Koyama Island

Geography
- Location: Somalia
- Coordinates: 0°38′39″S 42°19′59″E﻿ / ﻿0.6441°S 42.3331°E
- Archipelago: Bajuni Islands

Administration
- Somalia

Demographics
- Ethnic groups: Bajuni people

= Koyama (island) =

Island in Somalia

Koyama (also known as Kunyama Kundeeq) (also spelled Kwayama and Coiama) is an island in southern Somalia, in the region of Jubaland.

Koyama is the second largest island of the Bajuni Islands archipelago in the Somali sea, situated only 1.5 km from the mainland coast of Somalia. It is 5.3 km long and up to 2 km wide, and features a large bay or lagoon opening towards the mainland coast. At 6.38 km², it is almost equal in size to Chula, which measures 6.40 km². Koyama island has two separate villages, Koyama and Koyamani. Koyama is rich in Swahili historic ruins and monuments such as pillar tombs.

==Demographics==
Koyama Island, also known as Kooyame or Konyama Kundeeq, has been historically inhabited by the Koyama, a sub-clan of the Bajuni people. The Bajuni are a Swahili-speaking, Bantu-origin coastal community native to southern Somalia and the northern coast of Kenya. The island has served as one of their primary ancestral settlements for centuries.
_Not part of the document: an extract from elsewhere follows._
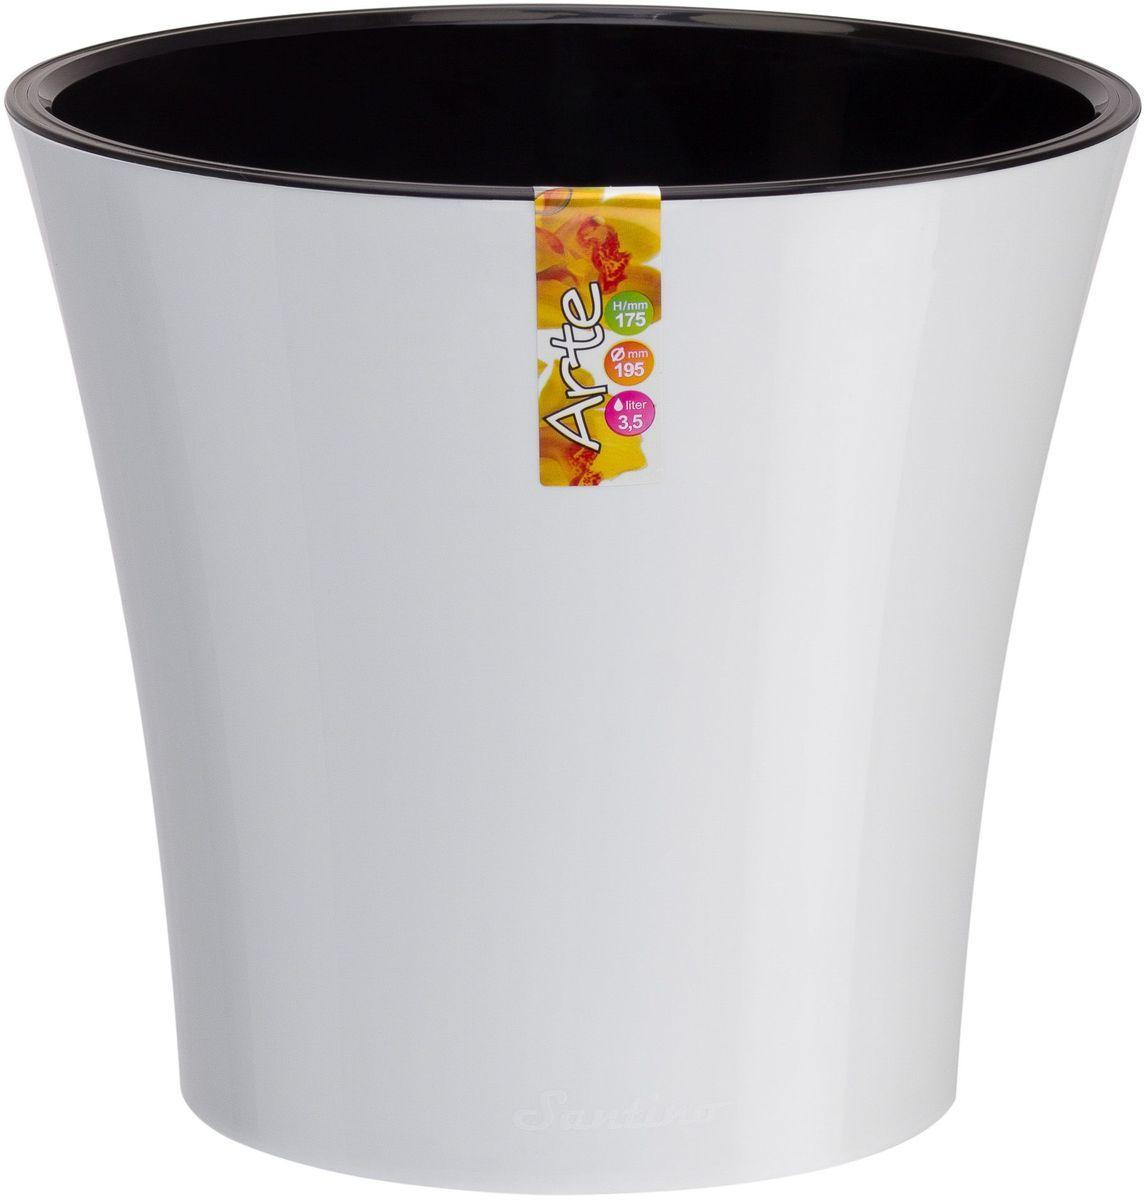 Горшок цветочный Santino Арте, двойной, с системой автополива, цвет: белый, черный, 5 лАРТ 5 Б-ЧСистем автополива - гарантия здоровья ваших цветов. Экономия времени - решение для самых занятых. Чистота и удобство - нет протекания воды при поливе. Здоровые корини - нет застаивания корней в воде. Оптимальный рост - корни обеспечены циркуляцией воздуха.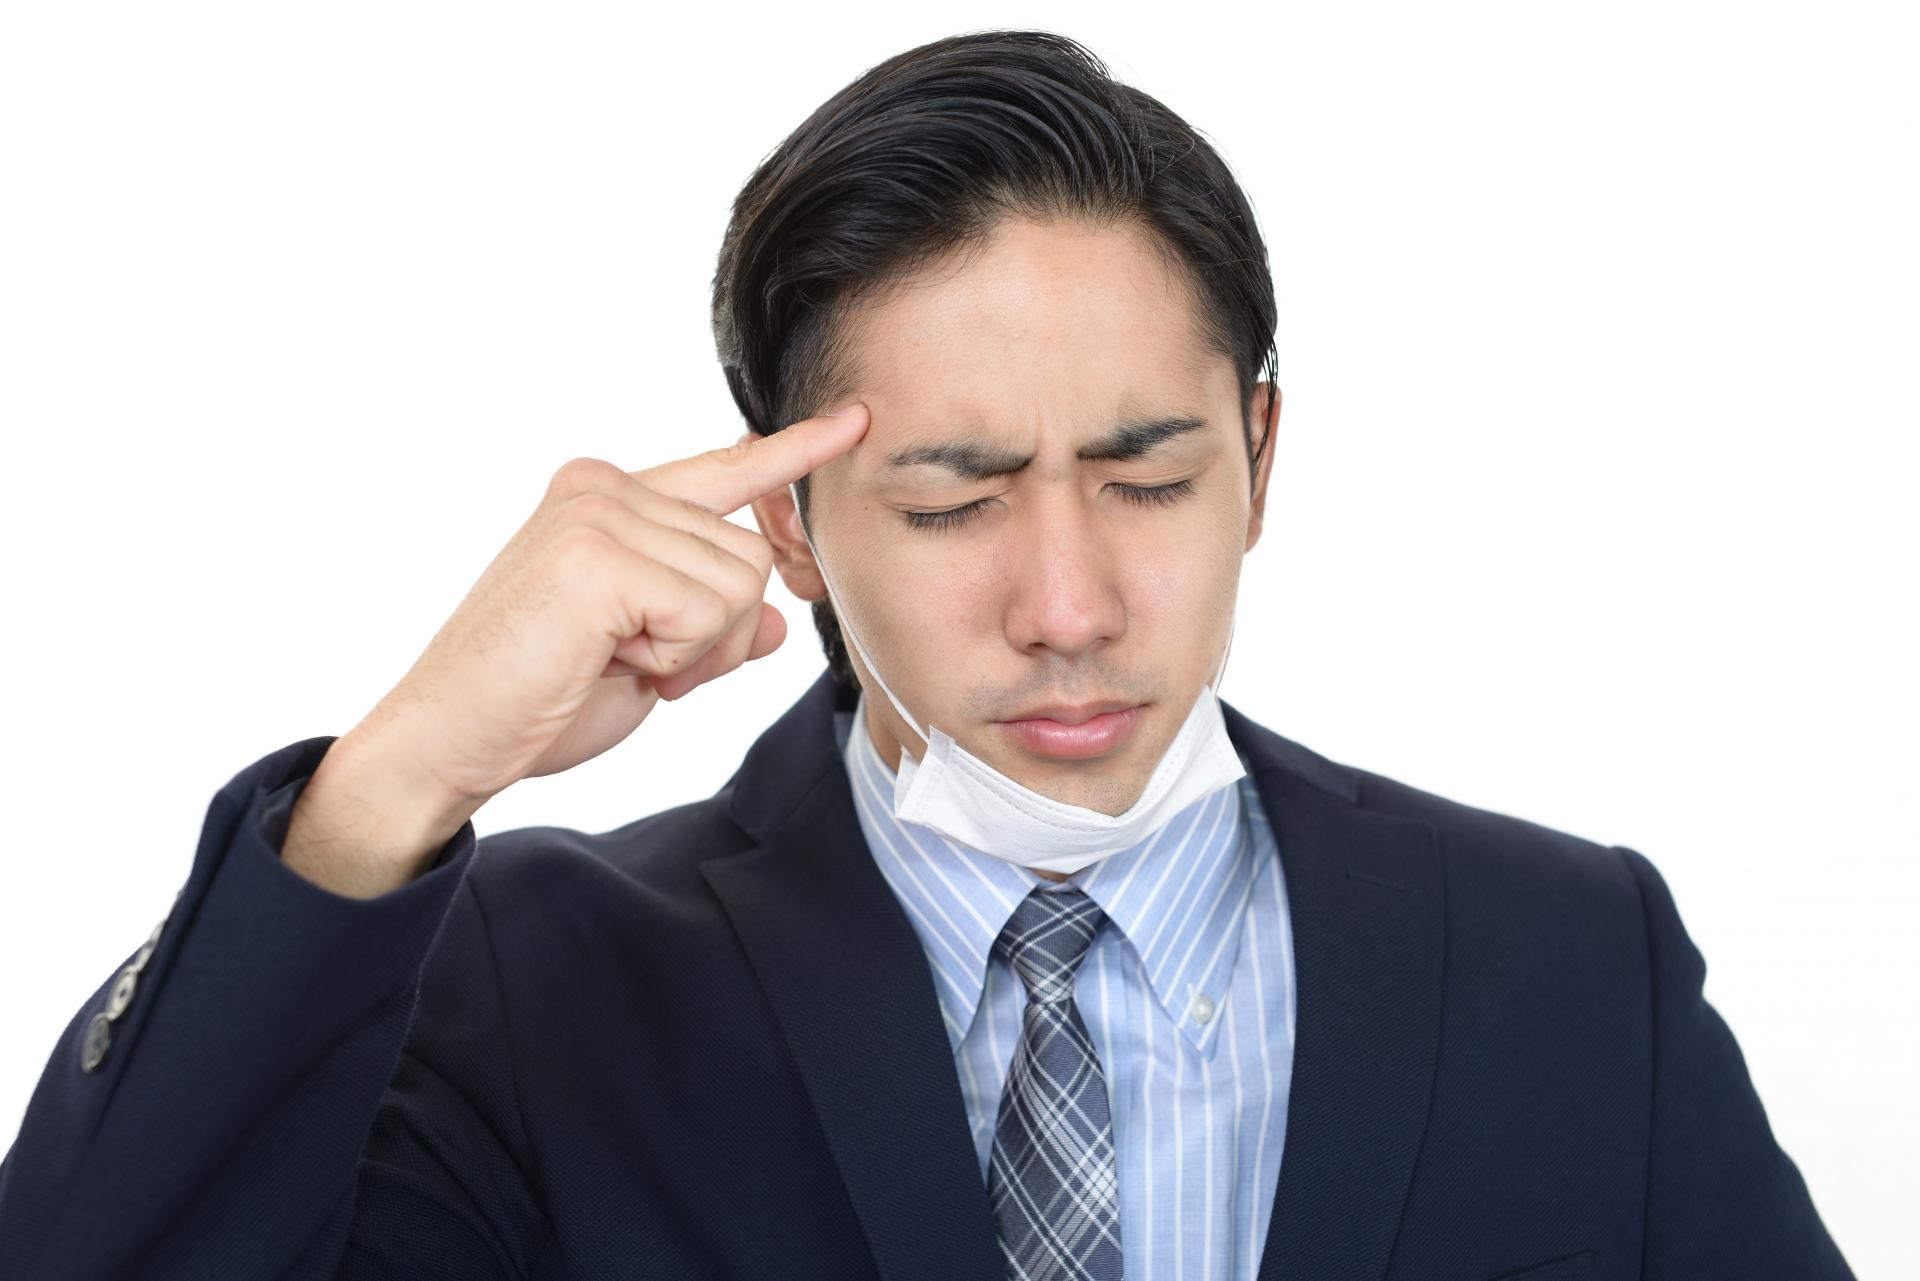 頭痛や睡眠不足でお困りの方へ

The inhabitants traditionally belong to the Nowfali branch of the Bajuni and have maintained two main villages on the island: Koyama and Koyamani. They speak Kibajuni, a local dialect of Swahili, and have traditionally engaged in fishing, dhow-building, and small-scale trade.

Prior to the Somali civil war in the early 1990s, Koyama was home to a thriving Bajuni population. Following displacement during the conflict, the population of the island declined significantly, and fewer than twenty households remain today. Despite the reduced population, Koyama remains a culturally and historically significant site for the Bajuni people. The island contains Islamic ruins and pillar tombs that reflect its long-standing heritage.